_Data_.
/---

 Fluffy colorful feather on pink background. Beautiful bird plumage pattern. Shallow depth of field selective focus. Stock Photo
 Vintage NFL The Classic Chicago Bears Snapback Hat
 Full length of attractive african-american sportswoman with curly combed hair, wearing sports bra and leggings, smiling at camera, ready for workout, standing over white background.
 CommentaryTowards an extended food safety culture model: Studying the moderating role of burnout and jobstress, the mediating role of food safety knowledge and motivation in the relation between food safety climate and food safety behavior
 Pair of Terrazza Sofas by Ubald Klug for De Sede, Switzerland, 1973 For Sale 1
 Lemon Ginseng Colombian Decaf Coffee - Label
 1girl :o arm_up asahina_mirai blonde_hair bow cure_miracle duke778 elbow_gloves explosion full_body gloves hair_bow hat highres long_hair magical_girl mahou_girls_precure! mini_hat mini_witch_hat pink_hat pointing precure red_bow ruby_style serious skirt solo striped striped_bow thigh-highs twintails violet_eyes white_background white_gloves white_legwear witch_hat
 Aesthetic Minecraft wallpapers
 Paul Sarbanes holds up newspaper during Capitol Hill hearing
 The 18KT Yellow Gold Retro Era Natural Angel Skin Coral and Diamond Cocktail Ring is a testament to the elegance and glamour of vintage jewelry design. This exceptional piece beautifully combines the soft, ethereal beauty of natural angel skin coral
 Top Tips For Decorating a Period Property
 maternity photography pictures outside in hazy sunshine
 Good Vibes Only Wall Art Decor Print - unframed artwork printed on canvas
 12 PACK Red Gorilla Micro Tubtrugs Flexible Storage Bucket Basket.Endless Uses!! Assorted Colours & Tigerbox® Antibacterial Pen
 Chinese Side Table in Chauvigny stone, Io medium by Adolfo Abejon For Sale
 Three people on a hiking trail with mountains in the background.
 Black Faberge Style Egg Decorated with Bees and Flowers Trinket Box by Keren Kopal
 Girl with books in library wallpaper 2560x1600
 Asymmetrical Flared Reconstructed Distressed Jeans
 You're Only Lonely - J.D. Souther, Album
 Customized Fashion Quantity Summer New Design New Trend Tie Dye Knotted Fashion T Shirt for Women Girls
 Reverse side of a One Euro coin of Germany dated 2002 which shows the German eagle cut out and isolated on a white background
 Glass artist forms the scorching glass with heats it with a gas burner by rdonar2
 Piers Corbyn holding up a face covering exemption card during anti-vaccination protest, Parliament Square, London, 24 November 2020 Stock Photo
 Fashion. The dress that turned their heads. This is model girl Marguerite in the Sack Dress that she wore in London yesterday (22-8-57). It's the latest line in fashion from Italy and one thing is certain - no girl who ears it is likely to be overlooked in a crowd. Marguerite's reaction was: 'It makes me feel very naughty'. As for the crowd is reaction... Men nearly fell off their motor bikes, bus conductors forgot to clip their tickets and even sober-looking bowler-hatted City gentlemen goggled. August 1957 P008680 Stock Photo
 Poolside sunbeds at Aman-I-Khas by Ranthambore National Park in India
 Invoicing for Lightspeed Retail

\---

_The problem_. Reproduce every line of the records containing the string "Sale".

_Response_.
 Pair of Terrazza Sofas by Ubald Klug for De Sede, Switzerland, 1973 For Sale 1
 Chinese Side Table in Chauvigny stone, Io medium by Adolfo Abejon For Sale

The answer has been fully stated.